** Opening Exercise data block **

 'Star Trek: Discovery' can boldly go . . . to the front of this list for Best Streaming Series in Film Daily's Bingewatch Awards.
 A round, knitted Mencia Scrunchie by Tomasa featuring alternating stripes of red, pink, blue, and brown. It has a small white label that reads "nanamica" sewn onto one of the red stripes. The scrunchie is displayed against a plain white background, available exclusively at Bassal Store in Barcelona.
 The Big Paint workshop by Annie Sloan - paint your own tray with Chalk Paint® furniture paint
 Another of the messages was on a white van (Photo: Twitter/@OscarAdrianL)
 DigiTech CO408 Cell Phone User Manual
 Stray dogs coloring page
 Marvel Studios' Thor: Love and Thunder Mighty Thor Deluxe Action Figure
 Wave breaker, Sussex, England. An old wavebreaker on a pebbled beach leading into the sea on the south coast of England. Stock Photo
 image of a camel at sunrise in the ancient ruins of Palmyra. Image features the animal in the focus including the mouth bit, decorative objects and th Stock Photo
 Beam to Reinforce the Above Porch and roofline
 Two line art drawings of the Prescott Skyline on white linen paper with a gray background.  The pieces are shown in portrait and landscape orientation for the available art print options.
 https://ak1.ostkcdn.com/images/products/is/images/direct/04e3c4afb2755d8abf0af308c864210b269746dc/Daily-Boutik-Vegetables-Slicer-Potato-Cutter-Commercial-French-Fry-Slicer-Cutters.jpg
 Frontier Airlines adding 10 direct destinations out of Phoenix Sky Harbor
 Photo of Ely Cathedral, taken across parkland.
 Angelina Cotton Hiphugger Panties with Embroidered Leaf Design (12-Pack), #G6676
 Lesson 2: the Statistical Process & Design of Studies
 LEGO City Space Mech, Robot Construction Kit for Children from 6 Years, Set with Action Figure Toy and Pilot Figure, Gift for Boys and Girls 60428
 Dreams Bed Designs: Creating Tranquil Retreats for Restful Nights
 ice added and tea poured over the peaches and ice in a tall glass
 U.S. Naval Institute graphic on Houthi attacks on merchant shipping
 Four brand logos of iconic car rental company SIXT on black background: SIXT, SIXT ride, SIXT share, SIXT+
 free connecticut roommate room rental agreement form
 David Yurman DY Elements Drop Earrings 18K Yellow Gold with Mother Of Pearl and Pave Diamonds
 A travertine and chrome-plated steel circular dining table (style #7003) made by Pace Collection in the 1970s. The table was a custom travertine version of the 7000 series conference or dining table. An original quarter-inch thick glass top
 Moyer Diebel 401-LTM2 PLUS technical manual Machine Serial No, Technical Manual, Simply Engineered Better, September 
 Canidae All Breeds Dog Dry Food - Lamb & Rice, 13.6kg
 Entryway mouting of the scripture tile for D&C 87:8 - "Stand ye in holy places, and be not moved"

** Closing Exercise data block **

| Exercise objective |
Write down again the exact lines running from the beginning of the data to the line containing "Wave breaker, Sussex, England.", with both ends included.

| Solution to this task |
 'Star Trek: Discovery' can boldly go . . . to the front of this list for Best Streaming Series in Film Daily's Bingewatch Awards.
 A round, knitted Mencia Scrunchie by Tomasa featuring alternating stripes of red, pink, blue, and brown. It has a small white label that reads "nanamica" sewn onto one of the red stripes. The scrunchie is displayed against a plain white background, available exclusively at Bassal Store in Barcelona.
 The Big Paint workshop by Annie Sloan - paint your own tray with Chalk Paint® furniture paint
 Another of the messages was on a white van (Photo: Twitter/@OscarAdrianL)
 DigiTech CO408 Cell Phone User Manual
 Stray dogs coloring page
 Marvel Studios' Thor: Love and Thunder Mighty Thor Deluxe Action Figure
 Wave breaker, Sussex, England. An old wavebreaker on a pebbled beach leading into the sea on the south coast of England. Stock Photo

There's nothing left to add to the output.